TASK DESCRIPTION: What is needed is a word-for-word copy of the lines below from the one with "Nylon Trench Coat" through the one with "Make It So Geekspiration", both included, with every picture left out.

PROVIDED ENTRIES:
<<<<
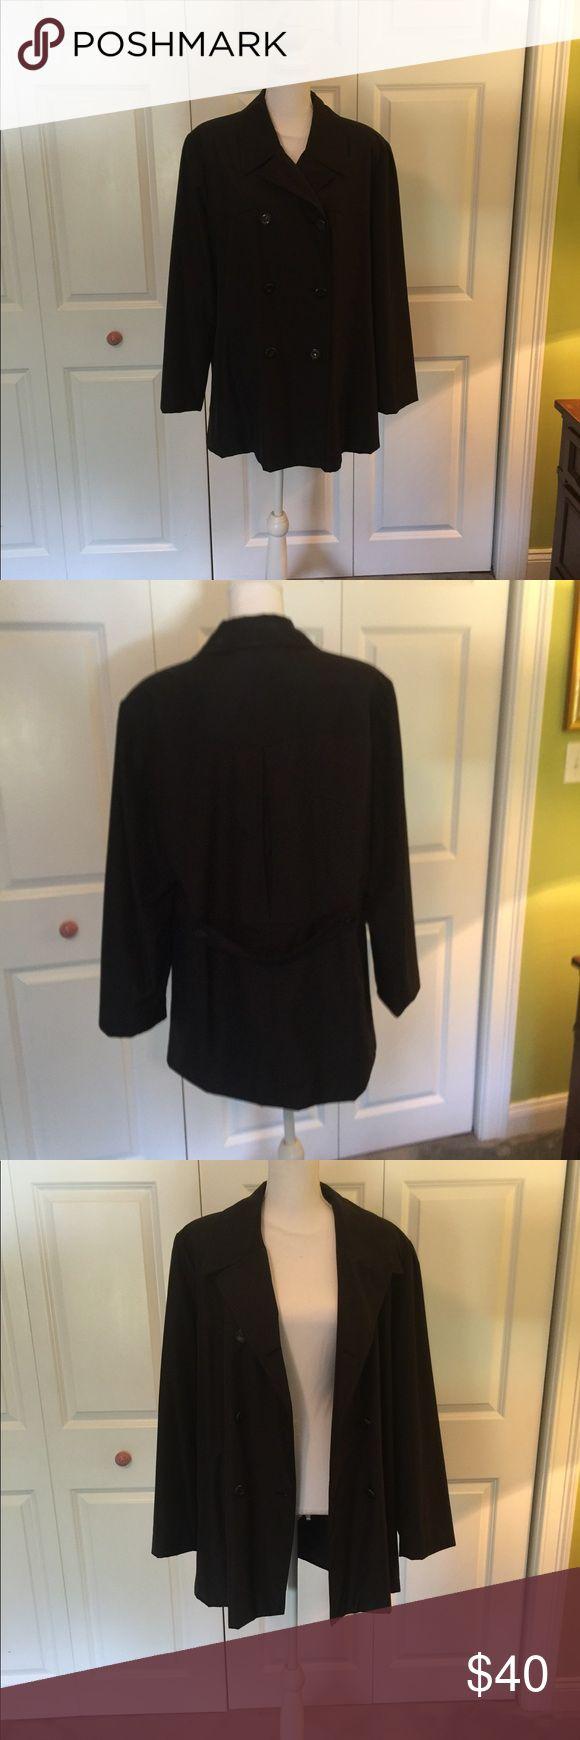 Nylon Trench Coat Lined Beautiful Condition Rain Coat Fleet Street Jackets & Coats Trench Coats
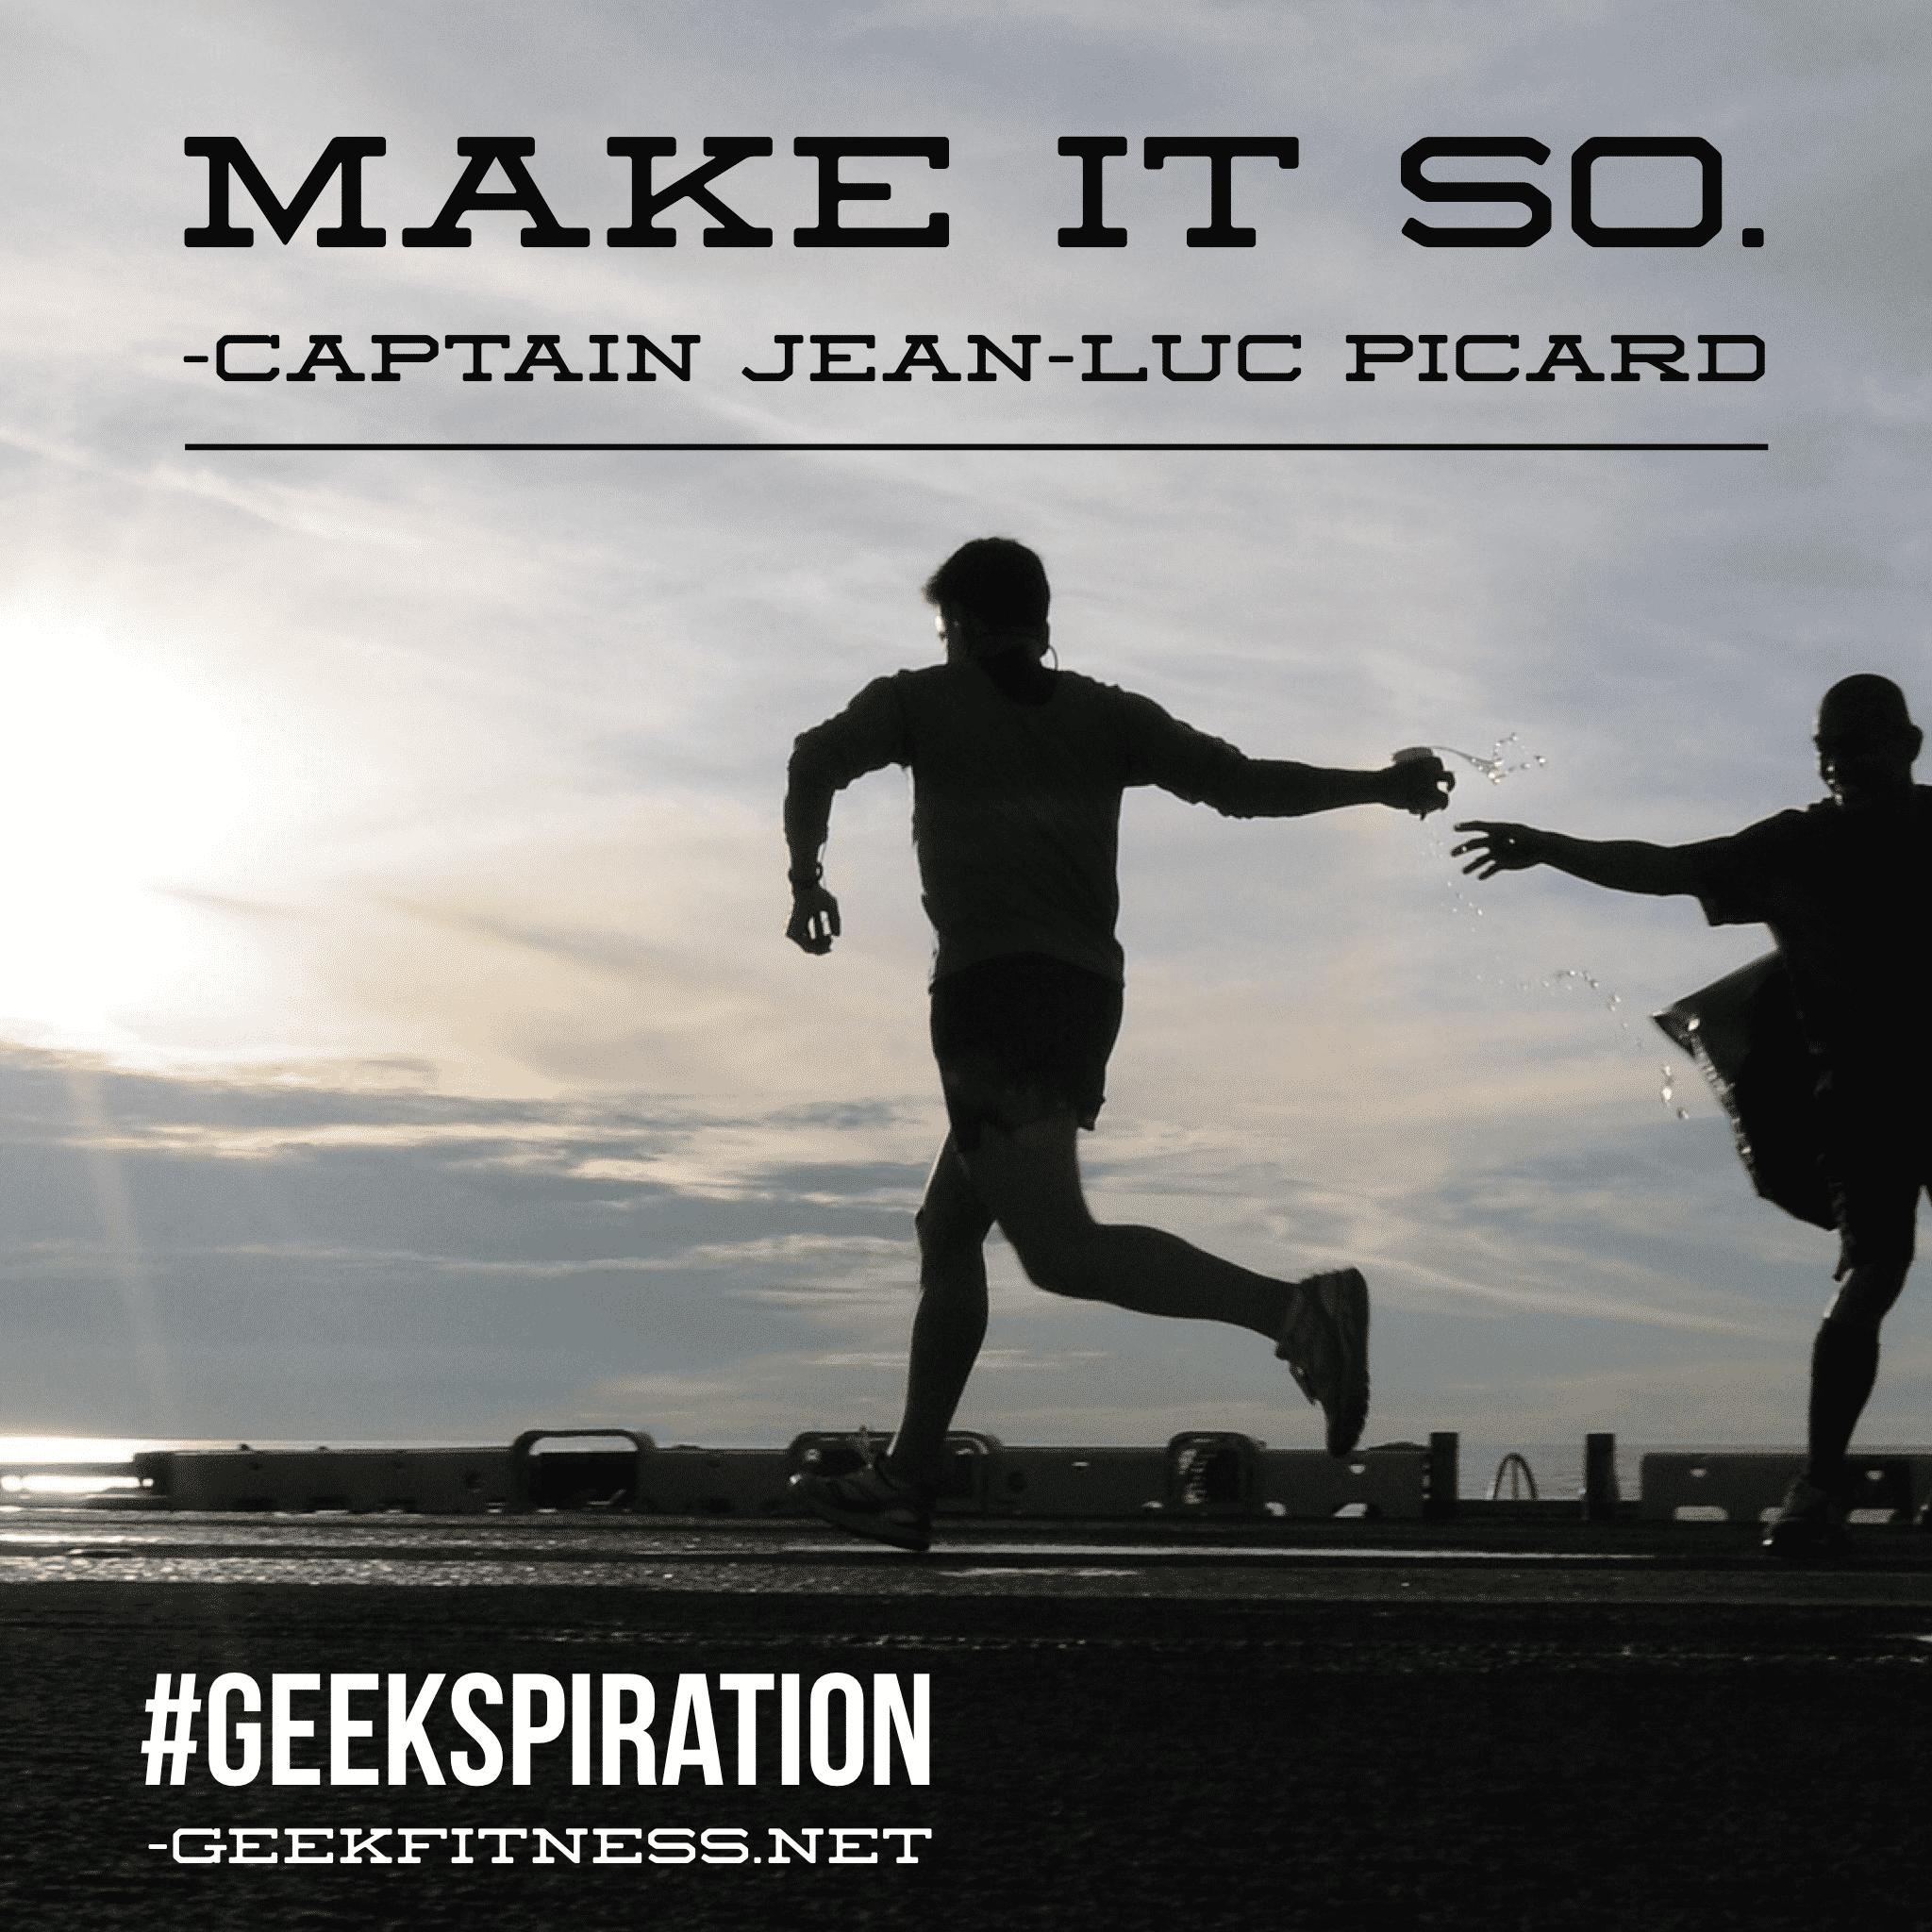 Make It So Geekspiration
>>>>
<<<<
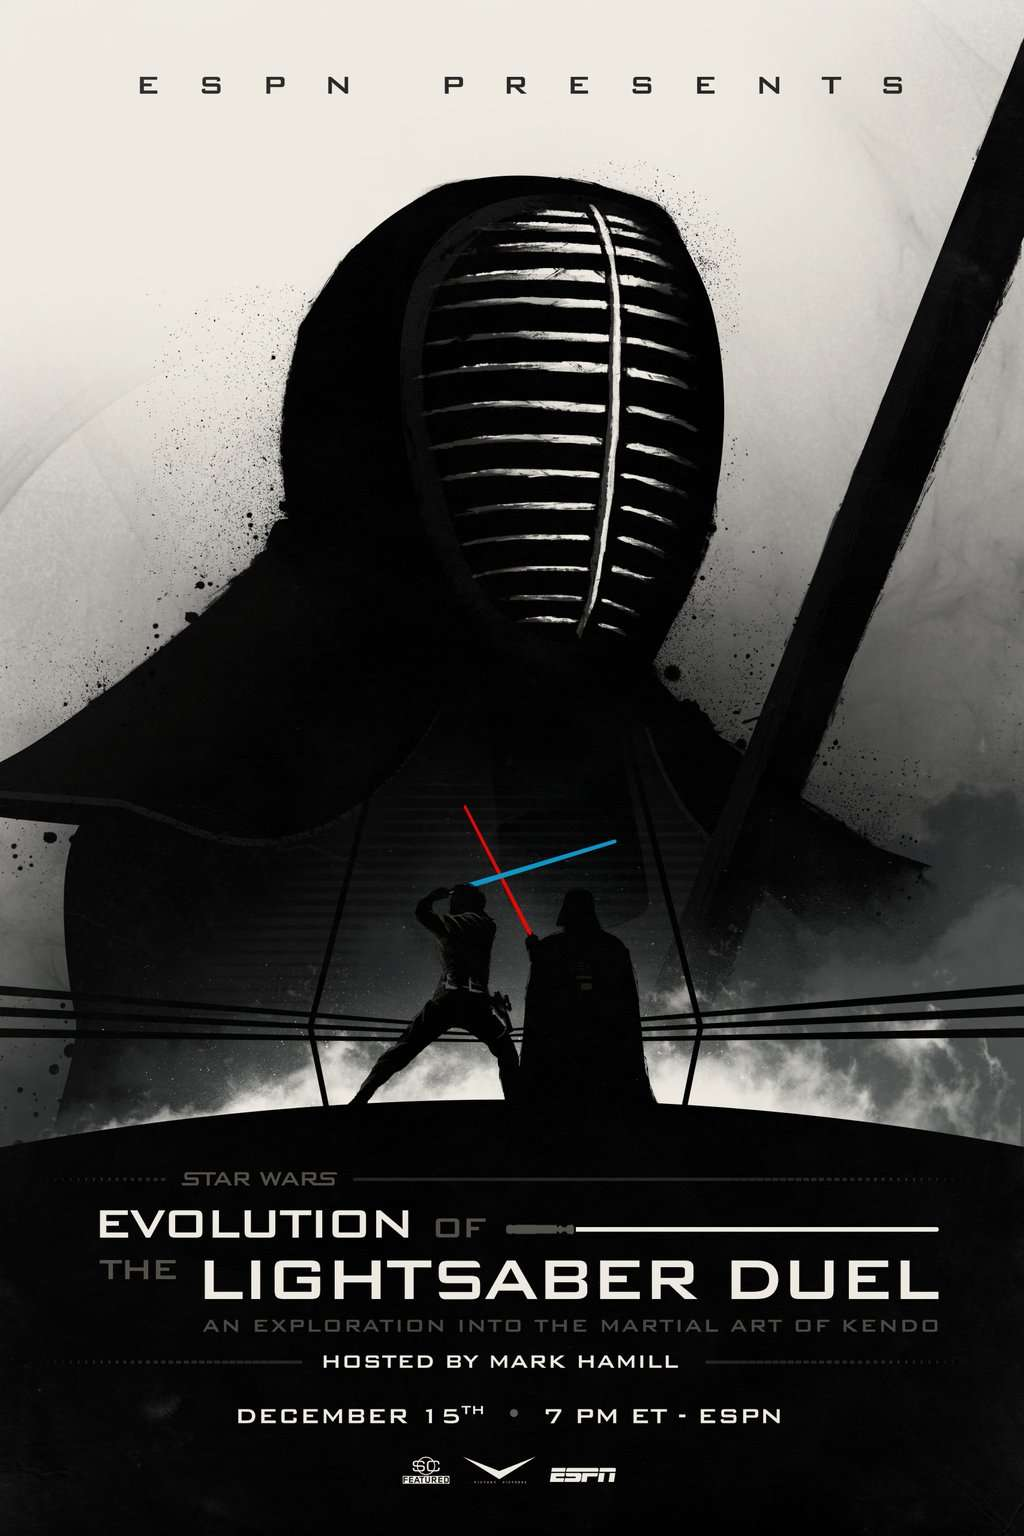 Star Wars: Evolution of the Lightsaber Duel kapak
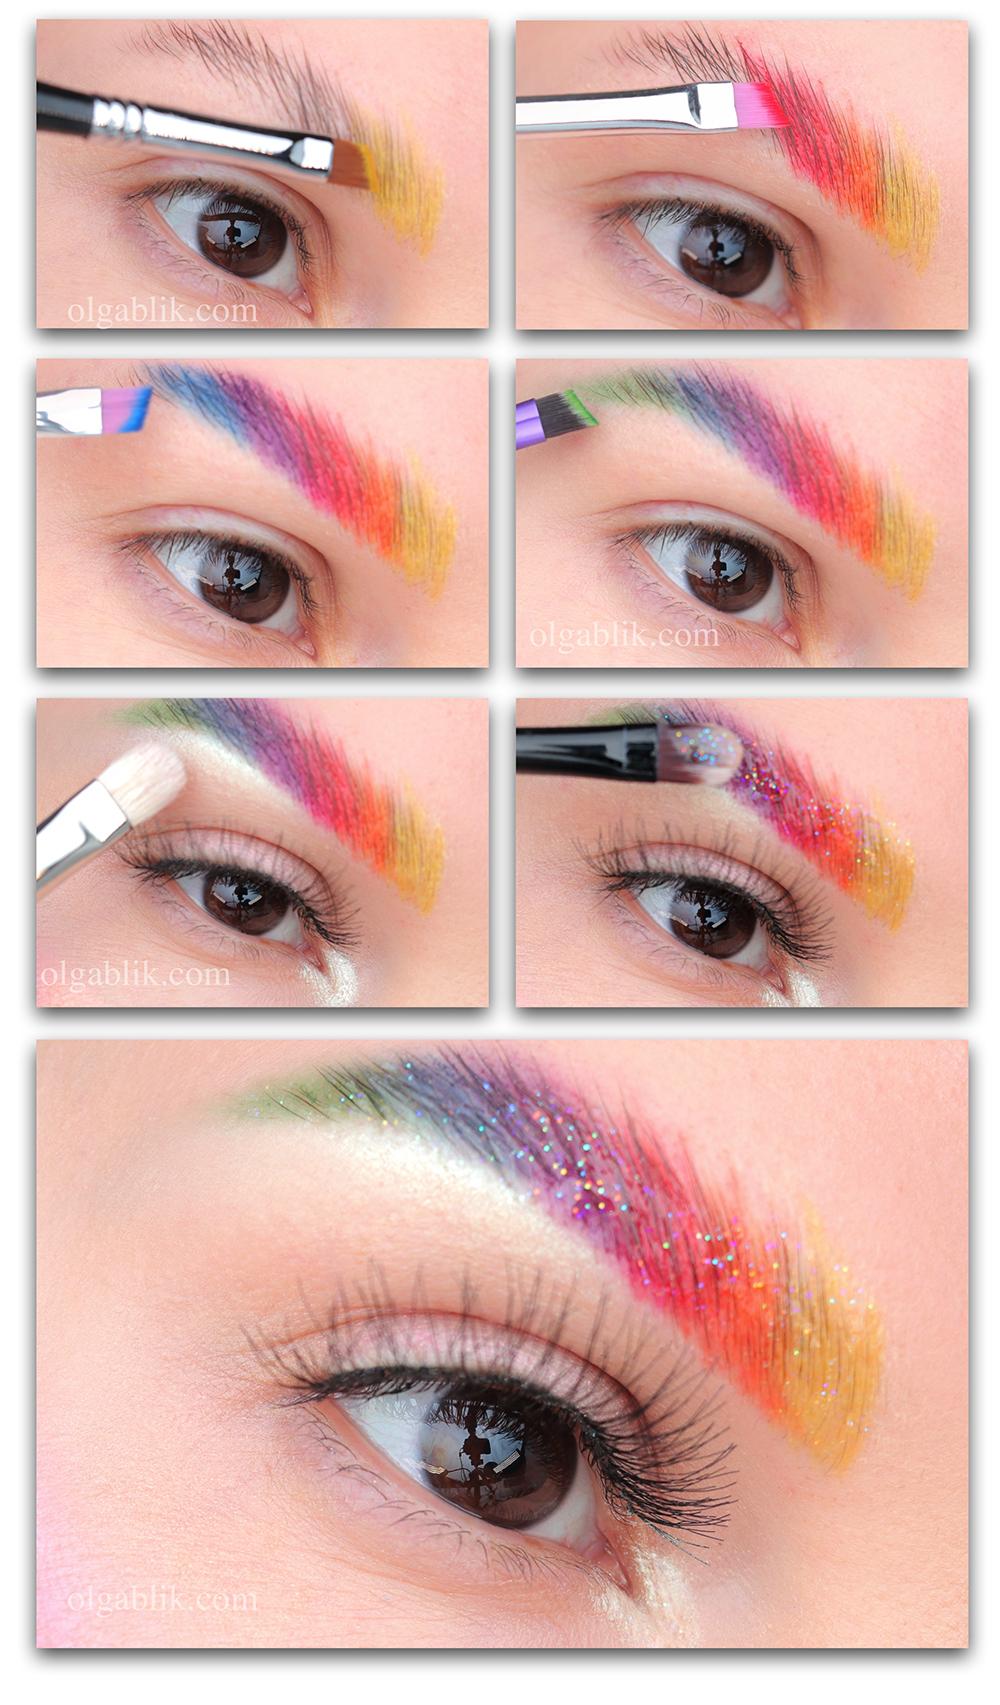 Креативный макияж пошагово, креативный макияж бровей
>>>>
<<<<
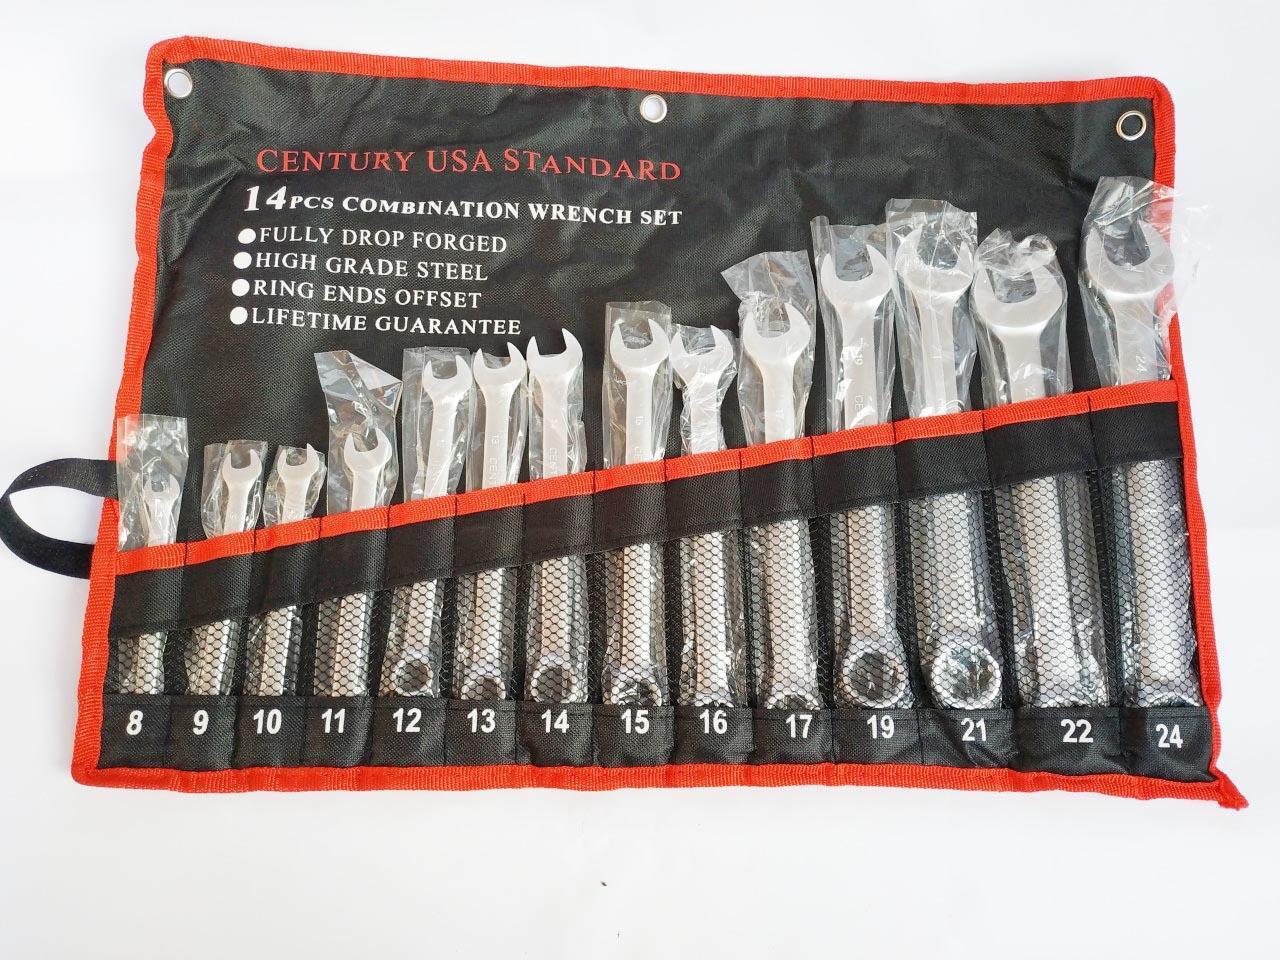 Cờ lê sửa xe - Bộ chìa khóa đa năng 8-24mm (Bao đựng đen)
>>>>
SOLUTION TO THE EXERCISE:
 Nylon Trench Coat Lined Beautiful Condition Rain Coat Fleet Street Jackets & Coats Trench Coats
 Make It So Geekspiration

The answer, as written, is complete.